Edinburgh International Film Festival

Day Watch (Dnevnoy Dozor) (2007)

Starring: Konstantin Khabensky, Mariya Poroshina, Vladimir Menshovm, Galina Tyunina, Viktor Verzhbitsky, Zhanna Friske, Dmitry Martynov, Valeri Zolotukhin, Akeksei Chadov, Nurzhuman Ikhtymbayey

Directed by: Timur Bekmambetov

Rating: 1 2 3 4

Day Watch is the sequel and concluding part to good vs evil epic Night Watch, the biggest thing to come out of Russia since Peter the Great.

Day Watch (Dnevnoy Dozor)

The film begins where Night Watch left off: Yegor (Dmitry Martynov), the son of Night Watchman Anton (Konstantin Khabensky) and a supremely powerful Great One, has chosen the Dark Side after discovering that his father tried to have him aborted before he was born. But the Light has a new ally, in the (now glamorous, non-bespectacled) form of trainee Svetlana (Mariya Poroshina), who is also a Great One. But Moscow ain't big enough for the both of them, and should the two ever meet, the truce between good and evil that's held for a thousand years will finally be broken, and a cosmic war will break out that could destroy humanity.

Well, I say cosmic, but actually, like its predecessor, Day Watch places good and evil firmly on a mundane, human, almost parochial level. Lords of good and evil, Gesser (Vladimir Menshov) and Zavulon (Viktor Verzhbitsky) may have decamped from their high rises to a block of grim 1960s council offices and a swanky hotel, but otherwise, little has changed: the Night Watch are still patrolling the streets in grimy yellow rubbish trucks and hanging out in greasy spoons and neon-lit Chinese restaurants while the Day Watch are busy, er, preening themselves and practising the tango.

Mariya Poroshina as Svetlana in Day Watch

But while Night Watch was relentlessly grubby and seedy, Day Watch is much more self-consciously cool, pimping the cast with fur coats, high-heeled boots and truckloads of cheap glittery bling and replacing the somewhat unconvincing CGI with action-packed, Bond-style car and motorbike chases and impressive stunts.

In one respect, it's hard to imagine that a war between these two sides could result in anything more cosmically significant than the Brixton riots. On the other hand, by placing the powers of good and evil so firmly within the realm of humankind, it firmly underscores our responsibility for our own actions. The characters in Day Watch are no plasticine playthings of the gods, but must make their own choices and pay the price for their mistakes – even if that price is death.

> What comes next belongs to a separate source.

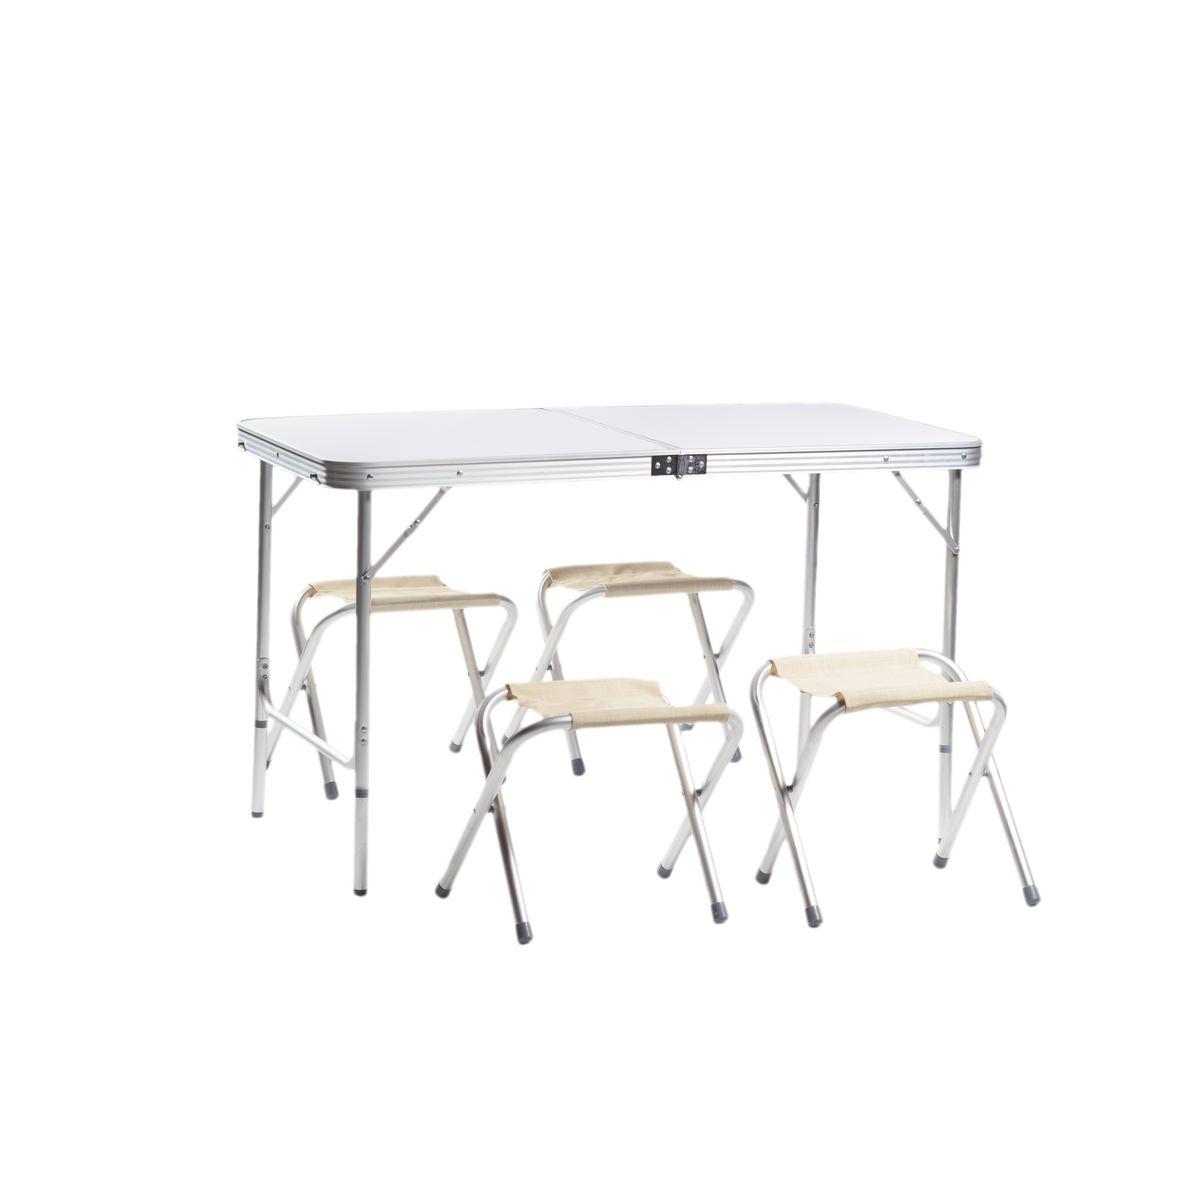 Набор мебели для пикника Green Glade М5102, 5 предметов

Sure, there's a lot in Day Watch that doesn't entirely make sense, and the ending is either the biggest cop out ever, an Akira-style solution to the budget running out, or an absolutely perfect, supremely satisfying conclusion to the series - personally, I opt for the latter. There's so much frenetic action rocketing around the screen that it's easy to miss a few subtitles and realise you're suddenly lost, and, like Night Watch, it would certainly benefit from a repeat viewing. But, thanks to an absorbing plot, strong characterisation and a marvellous 'bodyswap' sequence that brings the whole film to light with comedic potential, I'd definitely be up for that.